(Supplied information begins)

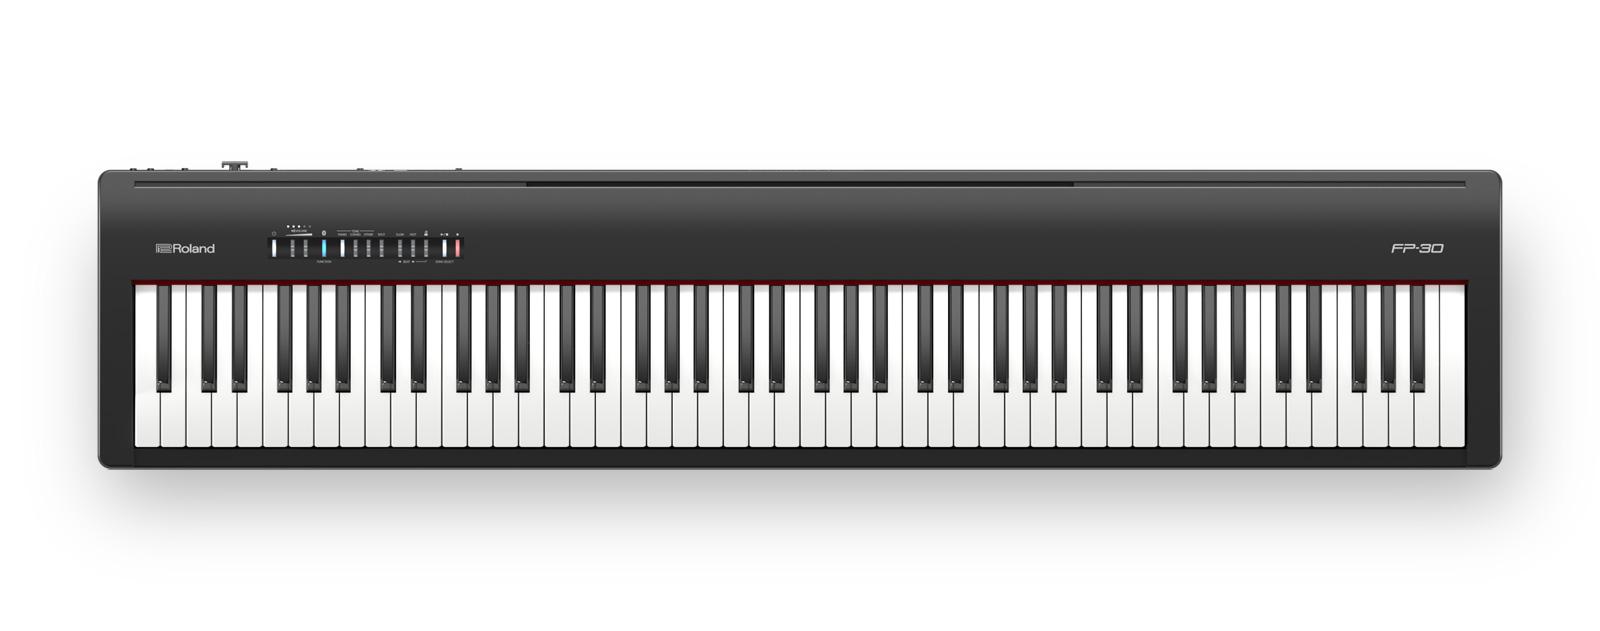 Roland fp 30 keys
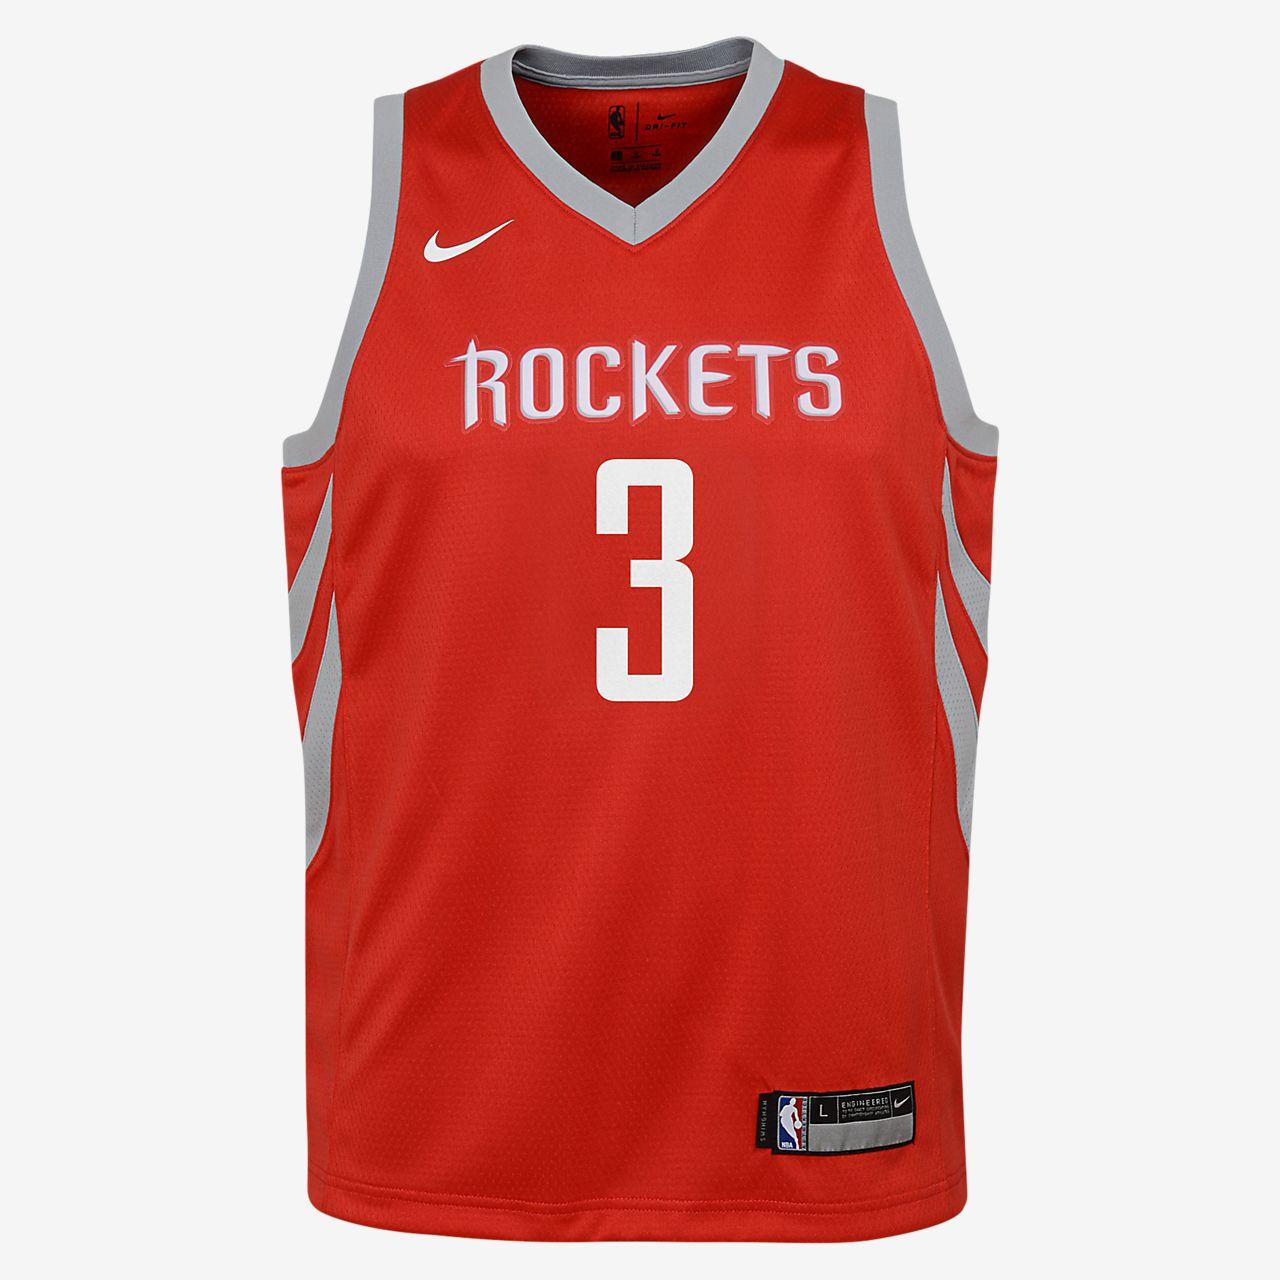 4fe4e61a6 ... chris paul houston rockets nike icon edition swingman big kids nba  jersey
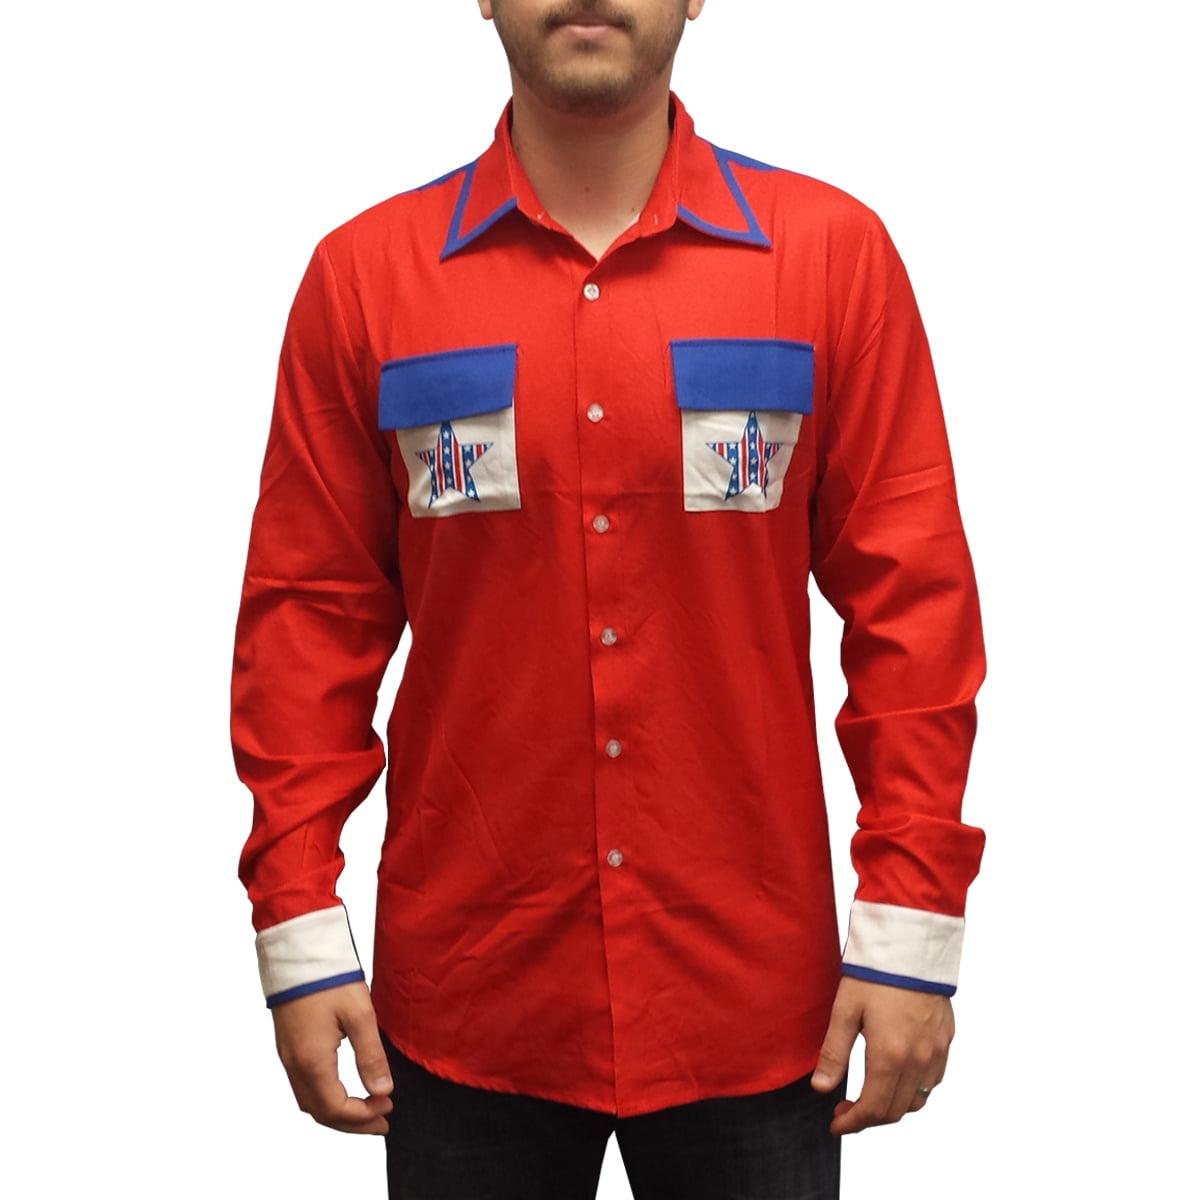 roy munson bowling shirt kingpin movie king pin costume woody

(Supplied information ends)

● **Required action**
Transcribe the whole listing, character for character, but not its images.

● **Output**
 Roland fp 30 keys
 4fe4e61a6 ... chris paul houston rockets nike icon edition swingman big kids nba  jersey
 roy munson bowling shirt kingpin movie king pin costume woody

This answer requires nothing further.